ADC and T2 signal intensity changes in perihematomal, cortical, and intrahematomal regions of interest in a rat intracerebral hemorrhage model with and without decompressive craniectomy

Objective: Intracerebral hemorrhage (ICH) is associated with high mortality and morbidity rates. The pathologic contribution of secondary ischemia in perihematomal tissues is controversial. No acute treatment of ICH is available, apart from the supportive care. Decompressive craniectomy (DC), however, is a promising treatment modality, and we recently showed that DC improved neurological outcome and mortality in experimental ICH. To further explore the effects of DC on the brain tissue after ICH, we decided to evaluate magnetic resonance imaging (MRI) changes in and around hematoma following DC.

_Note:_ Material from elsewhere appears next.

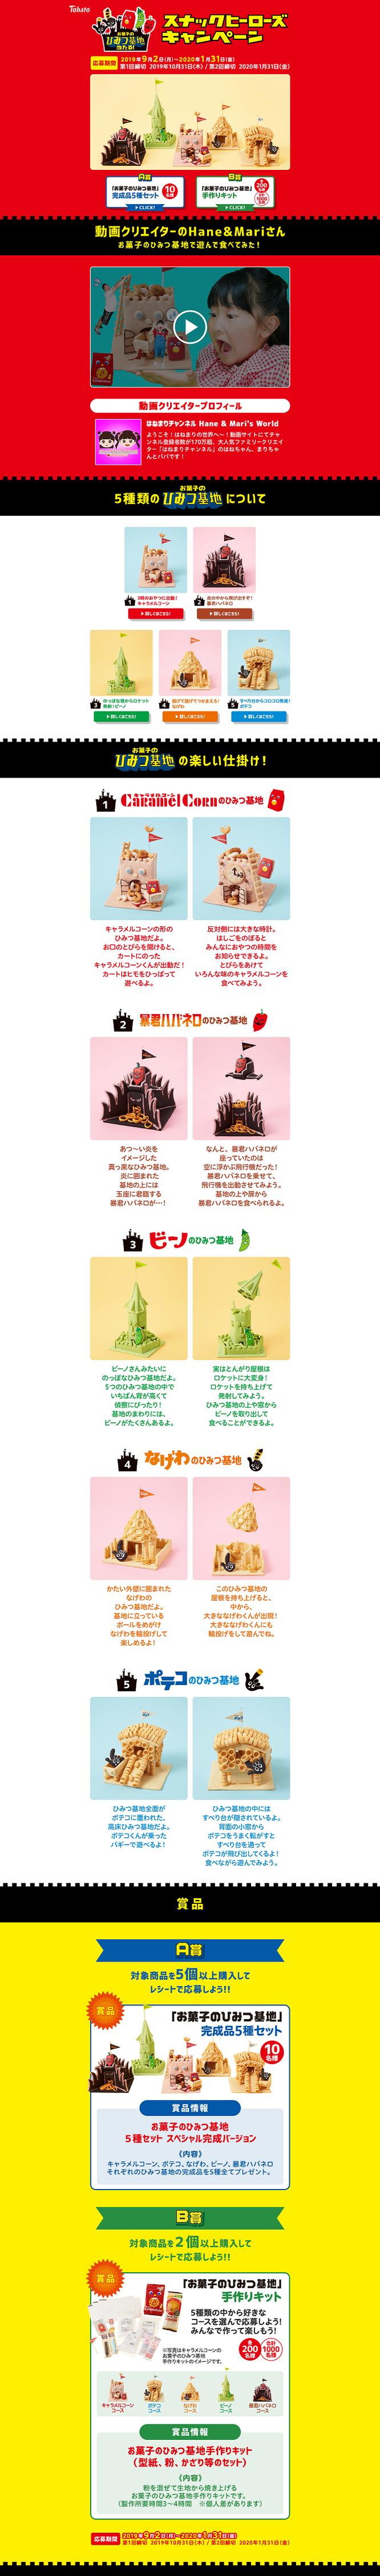 【東ハト】スナックヒーローズお菓子のひみつ基地当たる!キャンペーン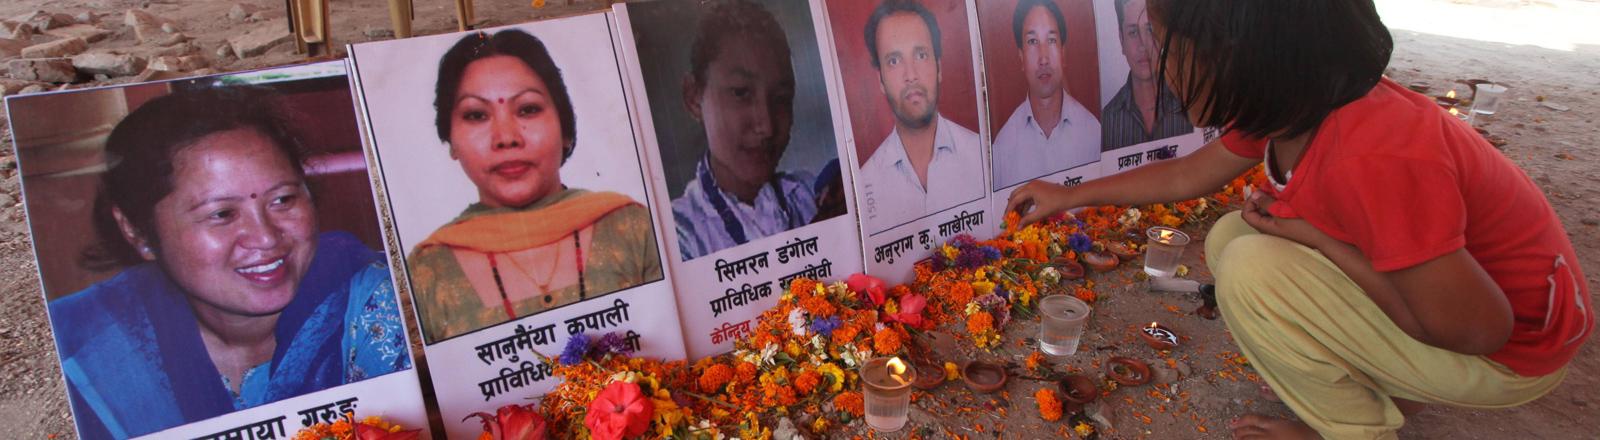 Gedenkveranstaltung für die Erdbebenopfer in Kathmandu am 24. April 2016.

Methods: We used autologous blood injection model to produce ICH in basal ganglia in Wistar rats. We randomly allocated the rats into five groups as: ICH-only (without DC) and three groups of ICH with DC performed at 1, 6, or 24 h, and DC-only group (without ICH). After a baseline MRI on day 0, re-imagings followed on days 3 and 7. We assessed cytotoxic and vasogenic edema. For this, we collected relative apparent diffusion coefficient (rADC) and relative T2 signal intensity (rT2-SI) values. Regions of interest (ROIs) included: inner parts of the hematoma, tissues surrounding the hematoma (perihematomal inner and outer layers), and the ipsilateral cortex.

Results: In the ICH-only group, no decreased rADC values were observed in the perihematomal ROIs. In this group, rADC and rT2-SI values of the cortex showed no changes during the follow-up. rADC was increased in earlier DC groups (1 and 6 h) on day 3 compared to ICH-only group. No increase in rT2-SI accompanied this finding. Intrahematomal ROI’s showed no differences on MRI related to the timing of the DC. Increased rT2-SI in perihematomal outer ROI was a consistent finding during the follow-up, starting from the baseline imaging and it was further increased on day 3 when DC was performed at 6 h.

Conclusions: We found no evidence of perihematomal ischemic penumbra in the hyperacute phase (day 0) in ICH model. We also suggest that hematoma leads to no secondary injury in the cortex. DC performed earlier than 24 h induced MRI changes suggesting tissue expansion both in perihematomal tissues and the cortex. DC generates no effect on inner hematomal MRI parameters, thus the composition of the hematoma remains same despite DC.